Recognizing the need for foreign credential recognition, the government established a Foreign Credential Recognition (FCR) Program which infused additional funding to several agencies and independent organizations with the hope that this would strengthen the process of recognition of foreign credentials in both regulated and non-regulated occupations.

So far, the FCR Program has made investments in 19 out of the top 45 occupations identified by skilled immigrants entering Canada. This does not mean, however, that foreign credentials have now been recognized at least in some jobs. It only meant that some standards for assessment and recognition have been established. In other words, equivalency of foreign credentials to Canadian standards has not yet been achieved even in the 19 jobs so far identified.

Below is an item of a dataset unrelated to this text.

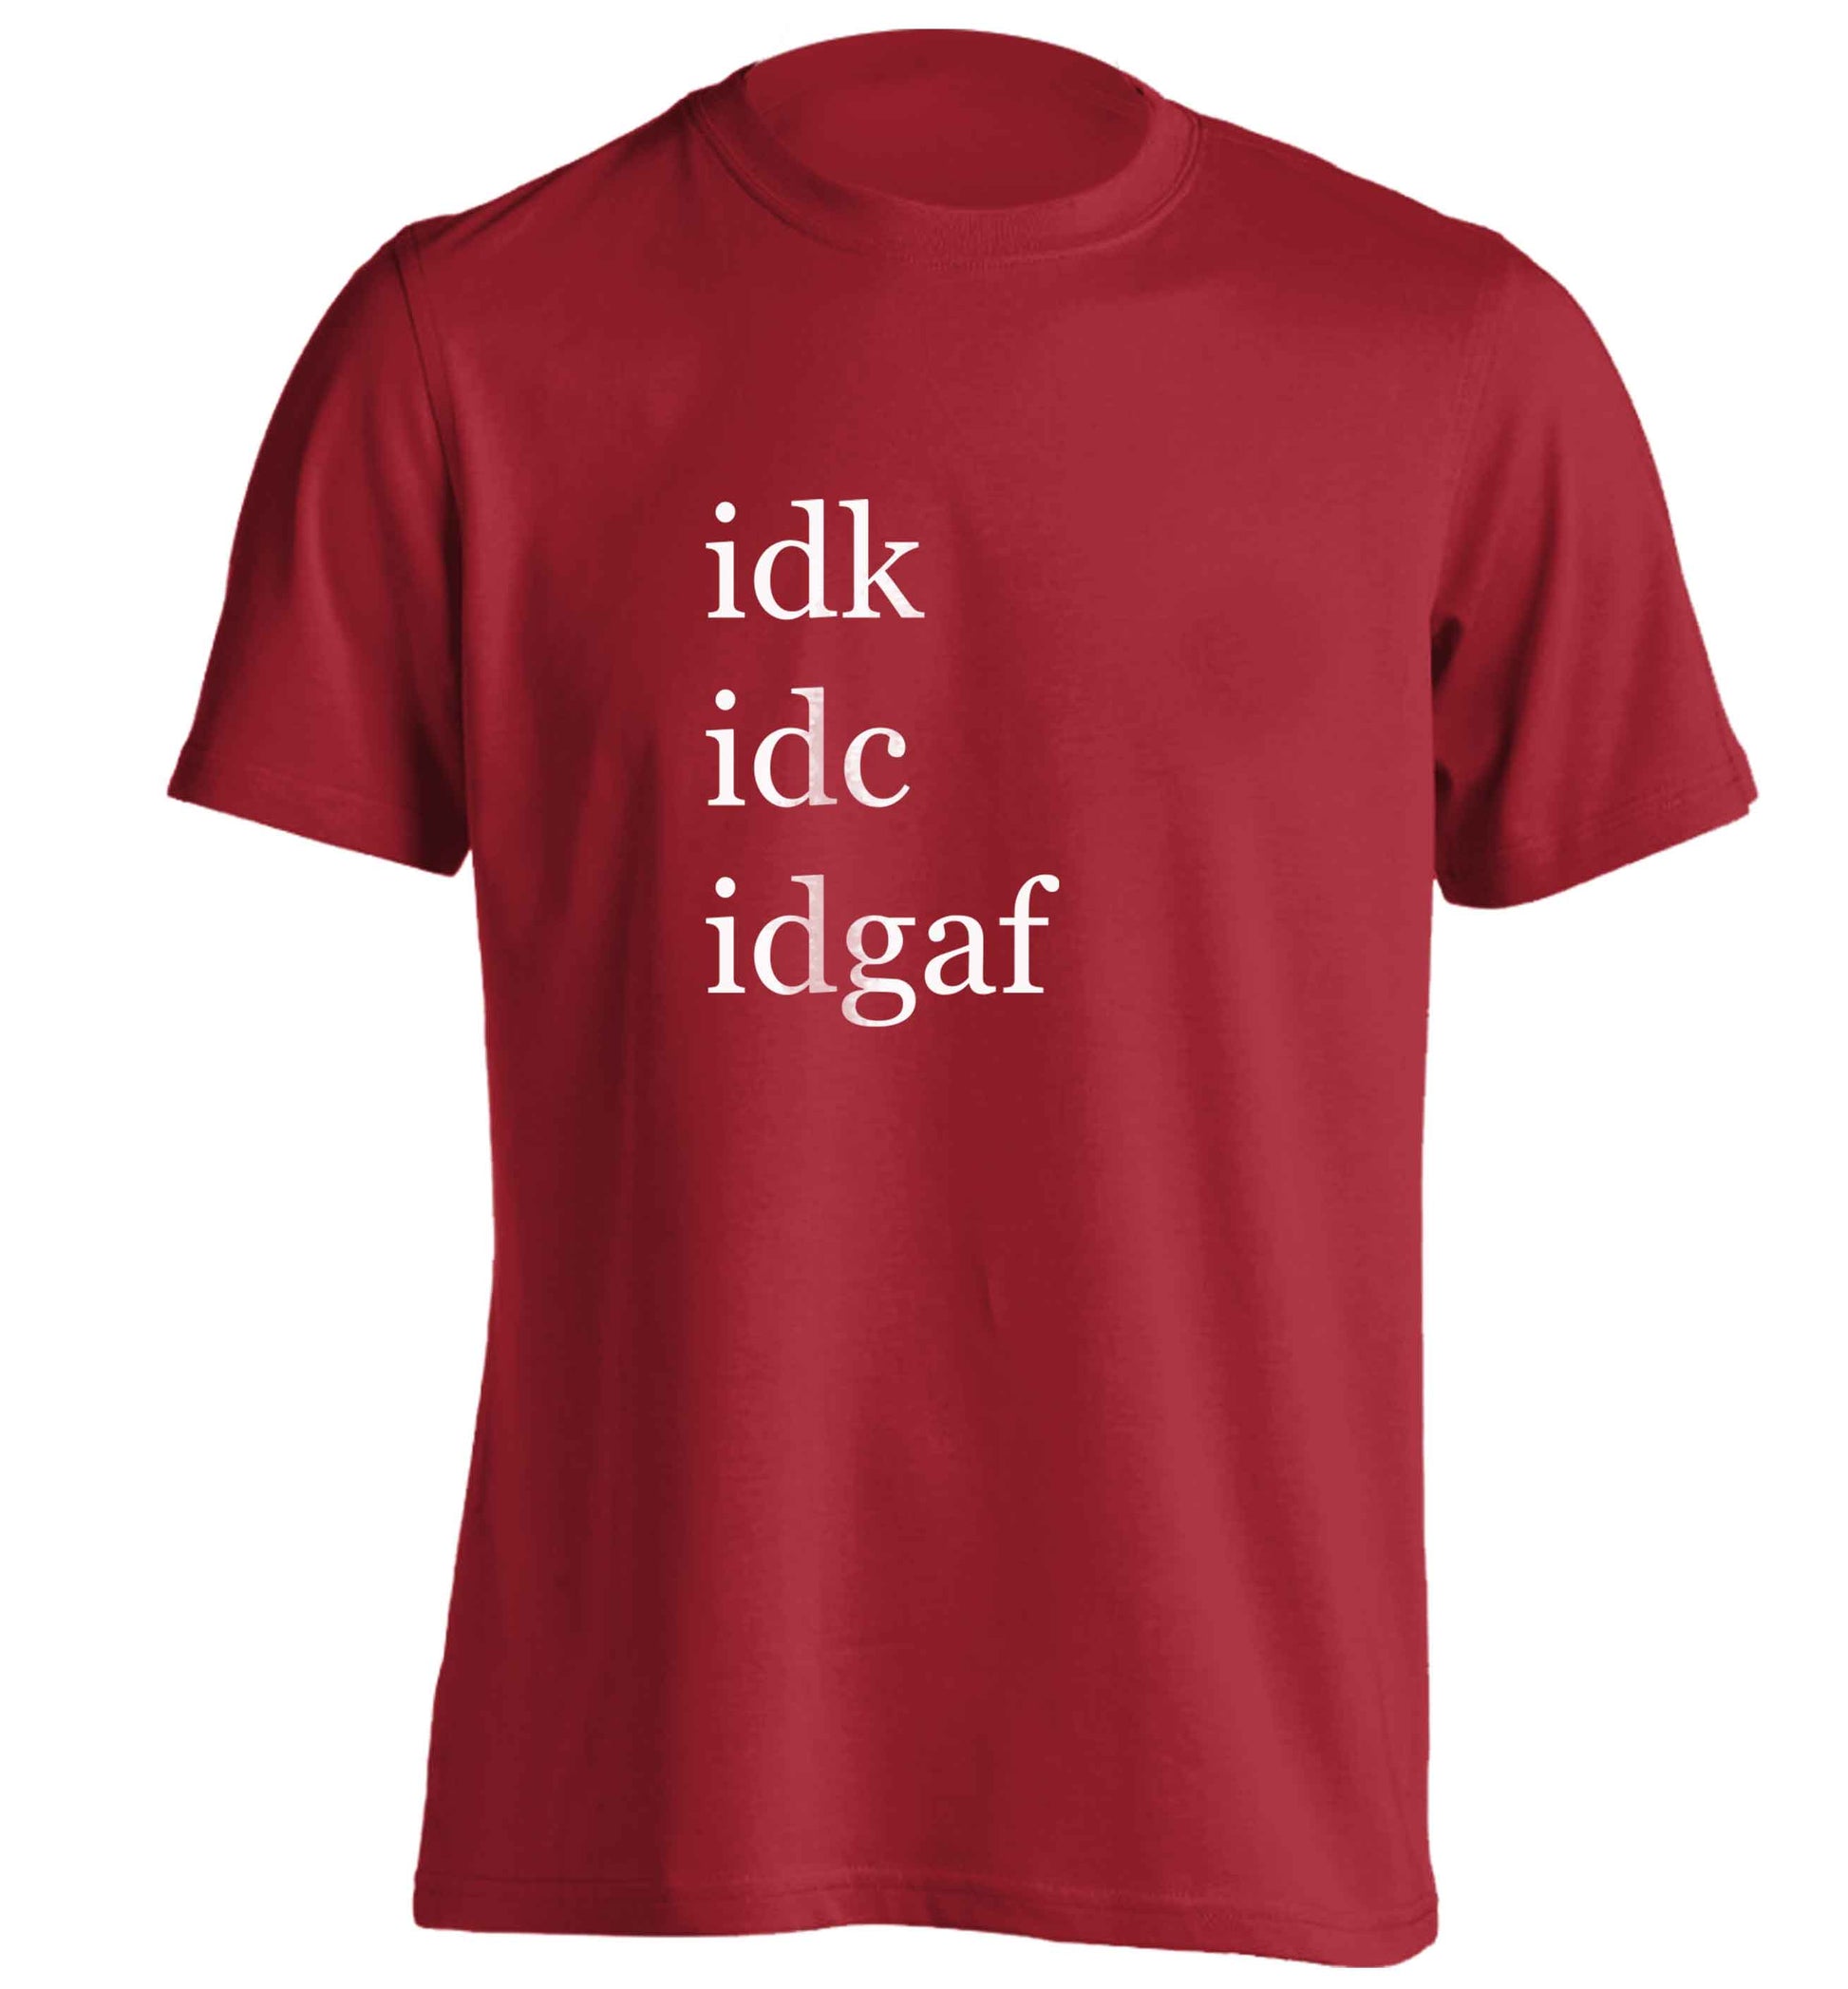 Idk Idc Idgaf adults unisex red Tshirt 2XL

To date, most of the funding made available through the FCR Program went to HRSDC- approved projects that focused more on identifying programs and services available in colleges or institutes that prepare immigrant students to integrate into the labour force, the creation of Internet information portal that provides information about registration and licensing of professionals in the health-care system and occupational therapy, and the holding of regional dialogues involving sector councils, employers and immigrant-serving agencies that focus on partnerships and information. It has also focused on improving the accessibility of materials used by internationally-educated medical laboratory technologists.

In short, the FCR Program is still at a stage where it is developing a database for its program of assessing and recognizing foreign credentials. Yet, most of the services and programs funded by HRSDC are already available from various government and nongovernmental agencies. This unnecessary duplication of services and programs is not only unjustifiable, it is also a waste of government funds.

For example, the FCR Program has invested over $4.5 million with the Association of Canadian Community Colleges to deliver overseas information services with the objective of helping skilled immigrants prepare for their integration in the Canadian labour market while their applications are being processed in their country of origin. Three pilot offices have been established in China, India and the Philippines.

But the kind of information available under this program consists simply of what Canadian colleges and institutes can offer prospective immigrants on how to upgrade their qualifications and skills to satisfy Canadian standards. This information is also already available on the Internet: all that is needed is to identify the proper links and publish them through the websites of Canadian consular offices abroad. Thus, there is no need to spend millions of dollars just to deliver this information.

Even the new FCR programs—worth more than $47 million—are all aimed at establishing a database for foreign degree programs that will be used by provincial regulatory bodies in their assessment of foreign credentials. Why not develop a set of national standards to be used in the assessment and recognition of foreign credentials instead?

In the European Union, members have signed on to the Lisbon Convention on the Recognition of Qualifications concerning Higher Education in the European Region which provides a procedural and methodological framework in assessing transnational educational qualifications. This seems to be lacking in Canada, or even in the United States, where experience and the candidate’s qualifications are what the employers need to base their hiring decision on.

Nothing will attract newcomers more than the knowledge that their legitimate credentials will allow them to explore economic opportunities across Canada.

Does Canada want to have access to a steady stream of well-educated, well-qualified and trained immigrants? Then it should offer services beyond providing basic information to immigrants who now are left to themselves in navigating the chaotic maze of foreign credentials recognition or at the mercy of employers who are not even equipped to make intelligent decisions regarding their qualifications.